Alice is a lender and provides $750 for borrowing.

Bob is a lender and provides $300 for borrowing.

Charlie borrowed $150.

The protocol's reserve is $10.

Then the utilizationRate is calculated as follows:

cash = $750 + $300 - $150 = $900 (subtracting $150 because Charlie has already borrowed these funds, and they are no longer available for borrowing)

borrows = $150

reserves = $10

We get utilizationRate = totalBorrows / cash + borrows - reserves = $150 / ($900 + $150 - $10) ≈ 0.144 ≈ 14.4%

Important! A utilization rate of 14.4% means that only 14.4% of the protocol's assets are being used for borrowing. This implies that a significant portion of assets is free, meaning the protocol has ample liquidity. Borrowers can utilize these assets.

Observation! As the utilization rate increases, interest rates for providing liquidity will rise to motivate lenders to increase the supply of available assets. Conversely, as the utilization rate decreases, borrowing rates will decrease to make borrowing more attractive to borrowers.

Solidity, the language used for writing smart contracts for Ethereum-compatible networks, does not handle fractional numbers. Therefore, smart contracts use precision BASE in the formula.

utilizationRate = borrows * BASE / (cash + borrows - reserves)

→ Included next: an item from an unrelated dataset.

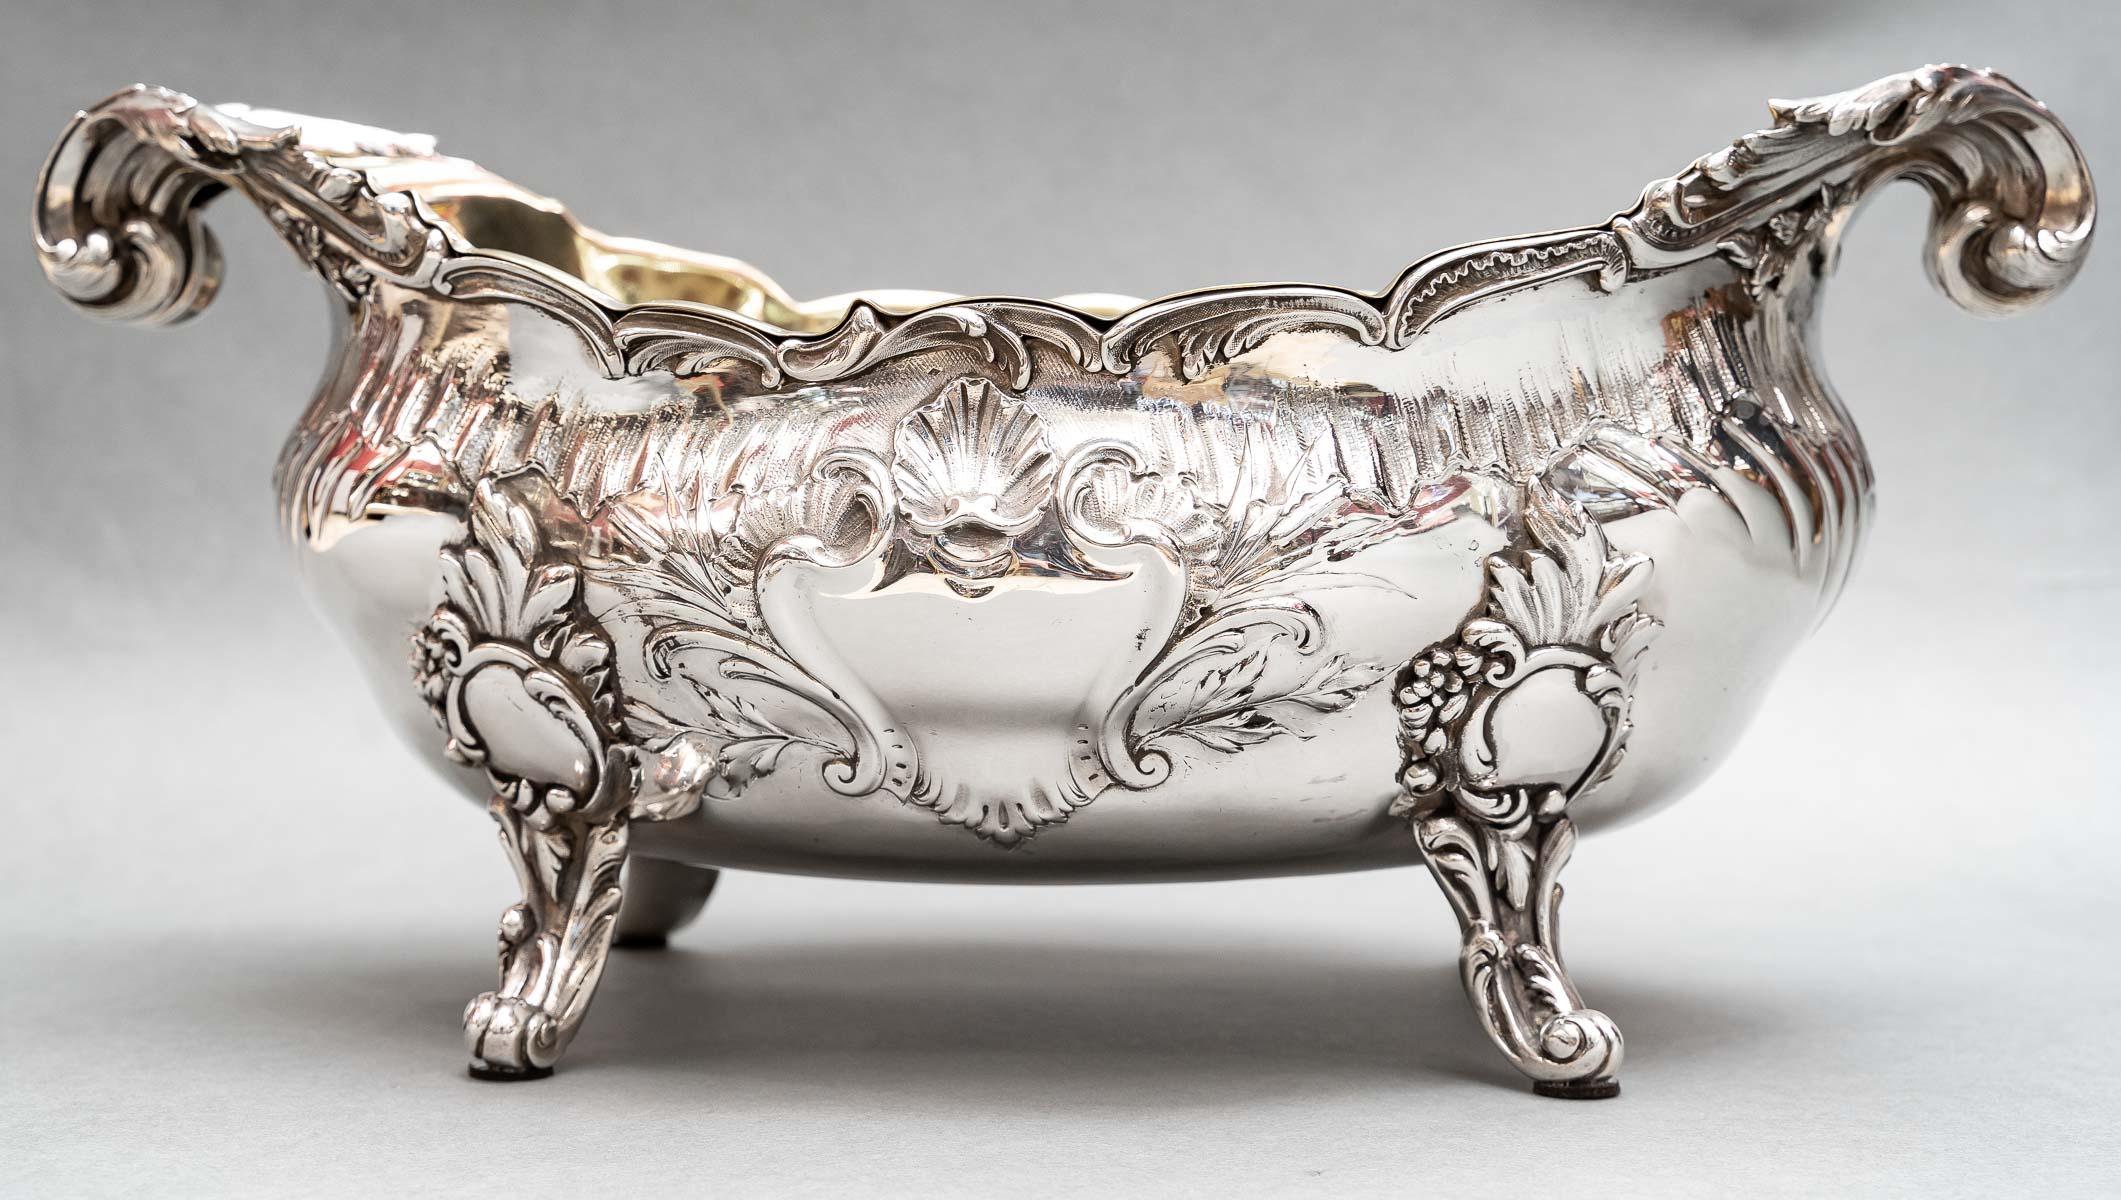 Oblong silver planter, resting on four claw feet in foliate crosier. The body is decorated with repoussé with a frieze of grooves. On the long sides is a rocaille cartouche surmounted by a shell. The integral handles are rolled up. The removable
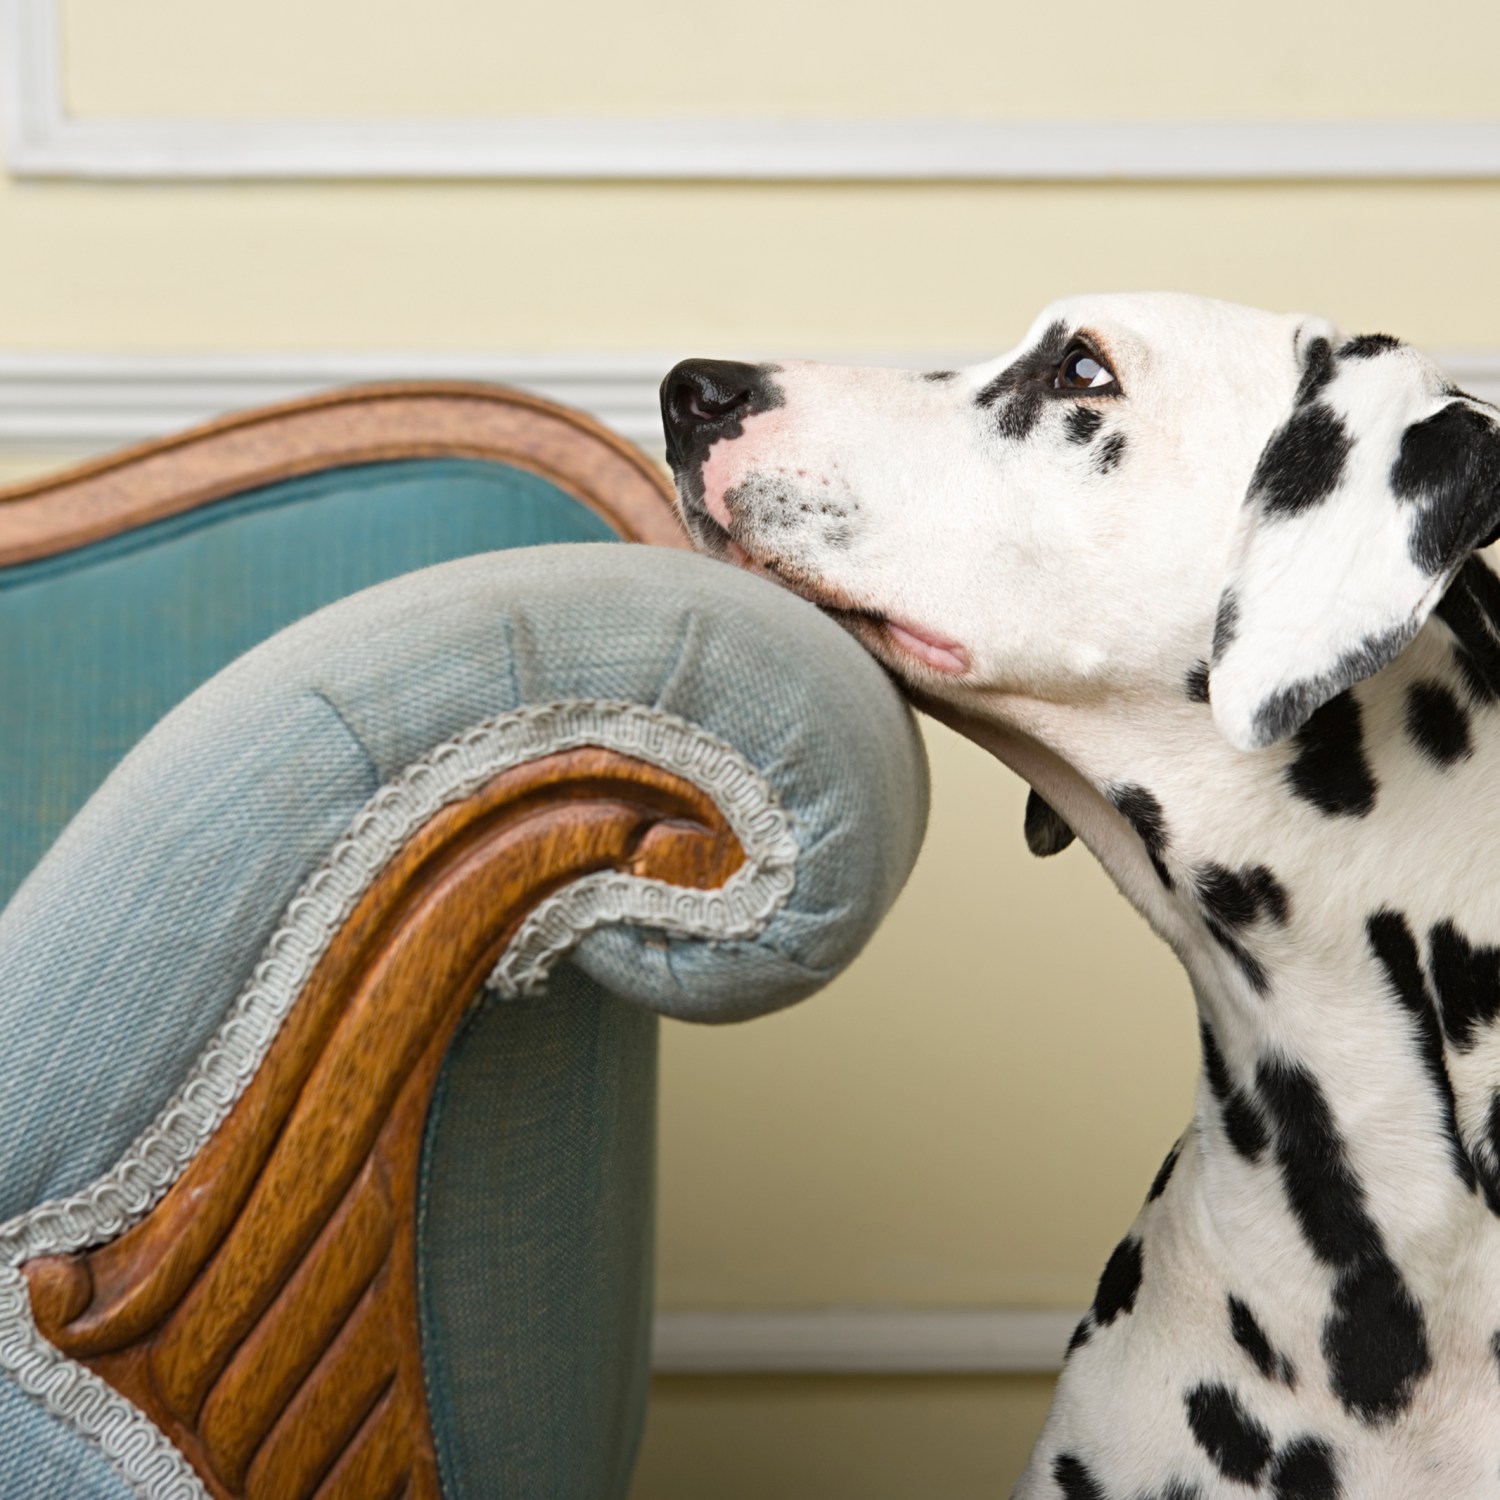 pet-friendly-homes-make-dogs-happy-dalmation-head-on-couch

To obtain the utilizationRate off-chain, you need to divide utilizationRate by precision.

Kink

What happens if the utilization rate becomes too high and approaches 100%? This means that the balance between free assets available for borrowing and borrowed assets is disrupted. In other words, the amount of assets in use as loans will approach the total assets available. If the utilization rate reaches 100%, it essentially halts the protocol's operation. In such a state, the protocol lacks available liquidity for new loans, and since all assets are already in use as loans, lenders cannot withdraw their assets. In this state, the protocol remains inactive until new liquidity providers arrive or some loans are repaid, which is undesirable. 🤢

To prevent such a situation, a special parameter called kink is used. It defines the value of the utilizationRate at which interest rates increase for both lenders and borrowers.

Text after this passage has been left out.